Every filter / sort / group decision is encoded in the URL on the Studio side, so a teammate can paste a link to "the Low-confidence rows on sales.orders, sorted by description length" and land on the same view.

Multi-select + bulk actions

Each row has a checkbox in the leftmost column; a header checkbox toggles every visible row. Once at least one row is selected, the header surfaces a Selected: N chip and a bulk-action menu:

  • Accept selected — applies the AMX candidate as-is to every selected row.
  • Skip selected — marks every selected row as skipped without touching the candidate.
  • Re-run selected — fires a fresh draft for the selected rows (opens the same Re-Run modal documented on Studio → Run detail).
  • Clear edits on selected — drops any inline edits the reviewer made and reverts to the AMX candidate.
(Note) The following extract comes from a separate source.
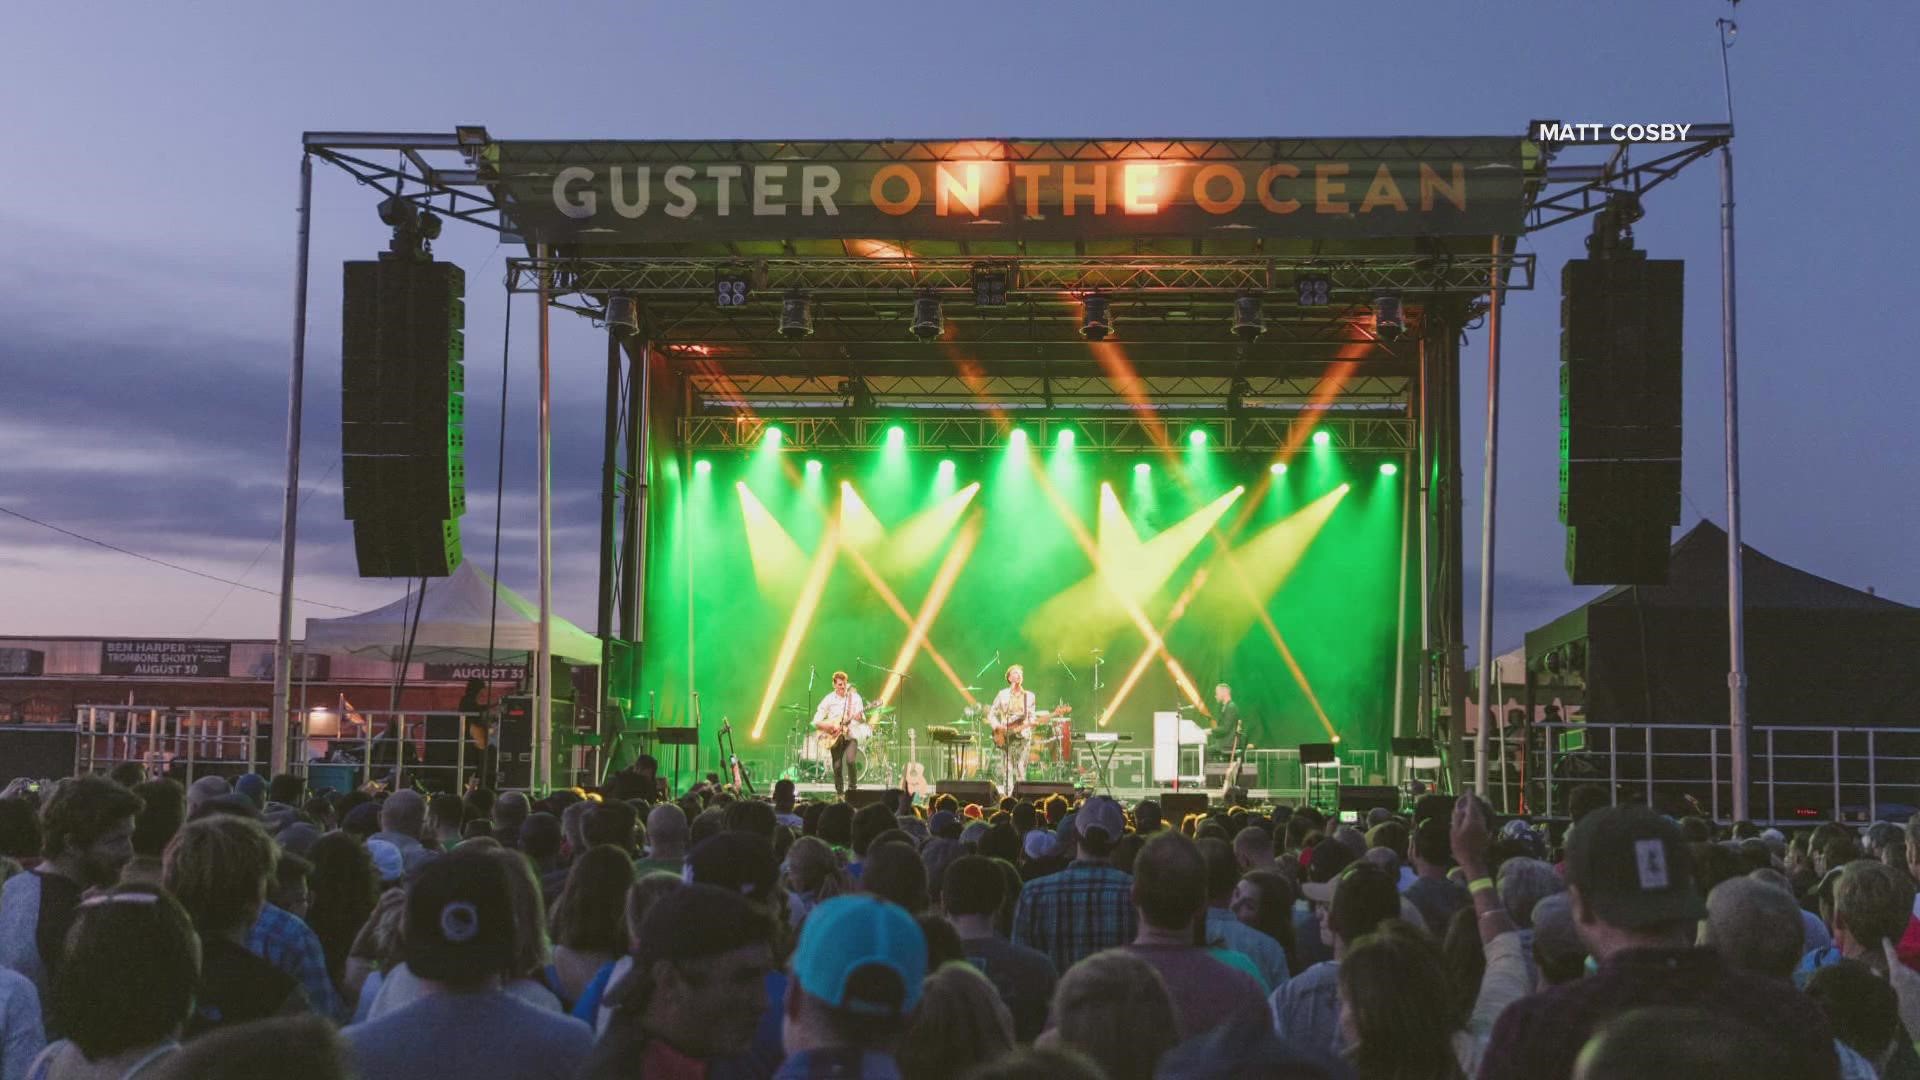 Its annual On the Ocean event returns to Maine “for kids and grownup kids of all ages”

Selections are bound to the filtered set: pick "Pending + Low", check the header box, and the action applies only to the rows that matched the filter. A confirmation modal prints the row count and the target DB before any mutation lands so a stray bulk Accept can not destroy a thousand rows by accident.

Keyboard navigation

The Studio Results tab is keyboard-drivable:

Key Action
j / k (or arrows) Move row cursor down / up
Enter Open the focused row's inline editor
a Accept the focused row
s Skip the focused row
e Edit (open inline editor; same as Enter)
1 / 2 / 3 Pick alternative 1 / 2 / 3 for the focused row
x Toggle multi-select on the focused row
Shift + x Range-select between the cursor and the last toggled row
n / p Next / previous page
? Open shortcut cheatsheet

The cheatsheet (?) is the canonical reference; the table above is a snapshot of the most-used shortcuts.

In the REPL, /analyze review presents each row as a numbered picker: type a number to pick a candidate description, s to skip the row, or o to write your own text.

Column-level review

Tables are reviewed in two layers:

  1. The table description. One row at the top of the table's slice in the Results tab. Same affordances as any other row: accept, edit, skip.
  2. Each column. Indented under the table row. Column rows carry the candidate description, confidence pill, and an alternatives carousel (/n_alternatives-controlled candidate count). The reviewer picks one with the number key, edits inline, or skips.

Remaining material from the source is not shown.